OTTAWA — Canada’s defence and foreign affairs ministers have confirmed the Liberal government’s plan to send a helicopter contingent to support the United Nations peace force in Mali.
The 12-month commitment to the west African country includes two Chinook helicopters to provide medical evacuations and logistical support and four smaller, armed Griffons to act as armed escorts for the larger transports.
The so-called aviation task force will include support personnel, although a final number has yet to be worked out.
A deployment date has yet to be determined.
Defence Minister Harjit Sajjan and Foreign Affairs Minister Chrystia Freeland say the force will include a marked female presence as the Trudeau government looks to have Canada lead by example in the push to have more women on peacekeeping missions.

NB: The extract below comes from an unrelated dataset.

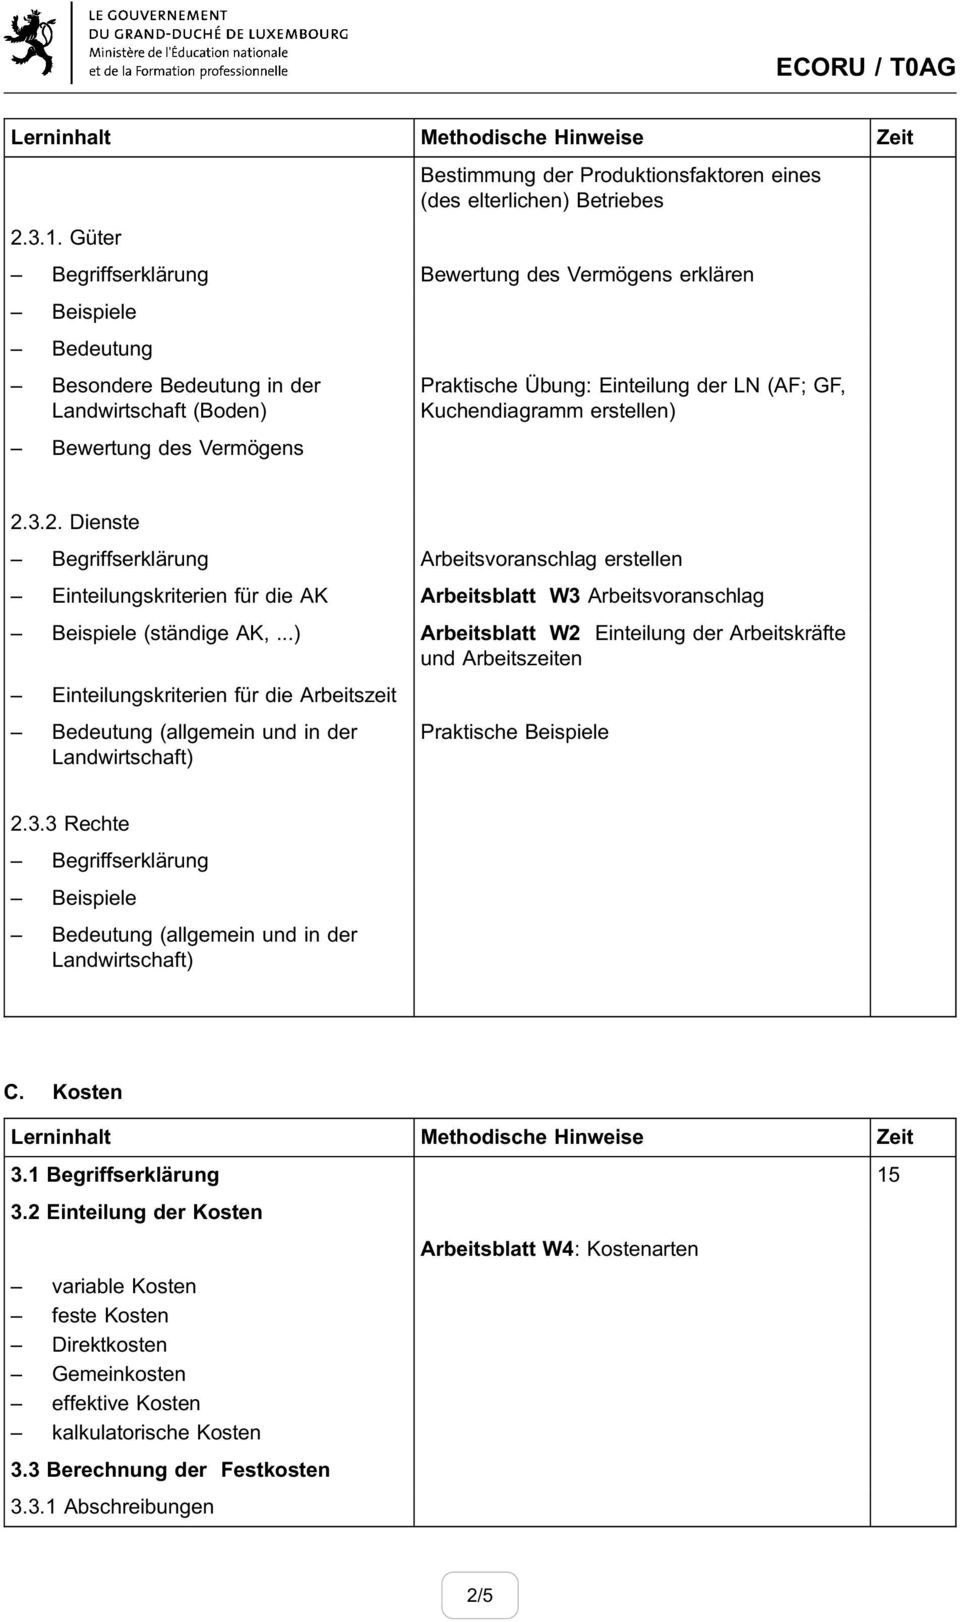 3.2. Dienste Arbeitsvoranschlag erstellen Einteilungskriterien für die AK Arbeitsblatt W3 Arbeitsvoranschlag Beispiele (ständige AK,.
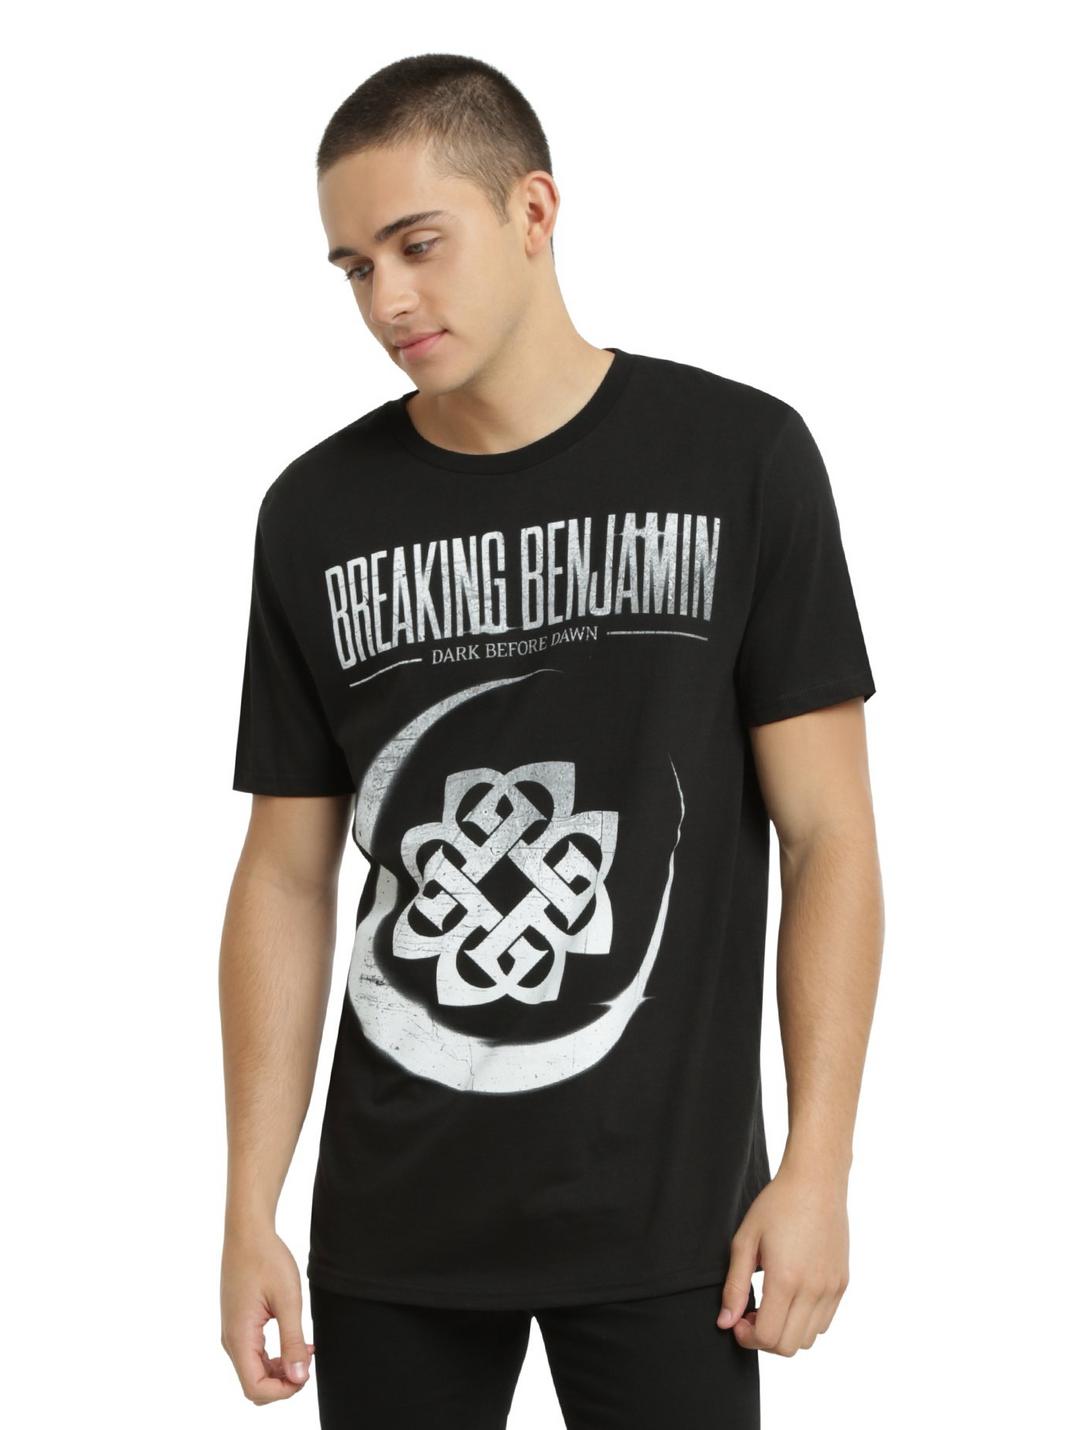 Breaking Benjamin Dark Before Dawn T-Shirt, BLACK, hi-res

The announcement follows a direct request from the UN and fulfils the Prime Minister Justin Trudeau’s promise in November to make such aircraft available to a future peacekeeping mission.
“Supported by our diplomatic negotiations, I am confident we can help make a real difference in this region through the deployment of the aviation task force,” Freeland told a news conference on Parliament Hill.
The Mali mission has been a dangerous one for the UN, with about 150 fatalities — which is why the government took the time to carefully consider the situation and decide on the best course of action, Freeland said.
“We are very aware of the complexities and the difficulties of the situation in Mali.”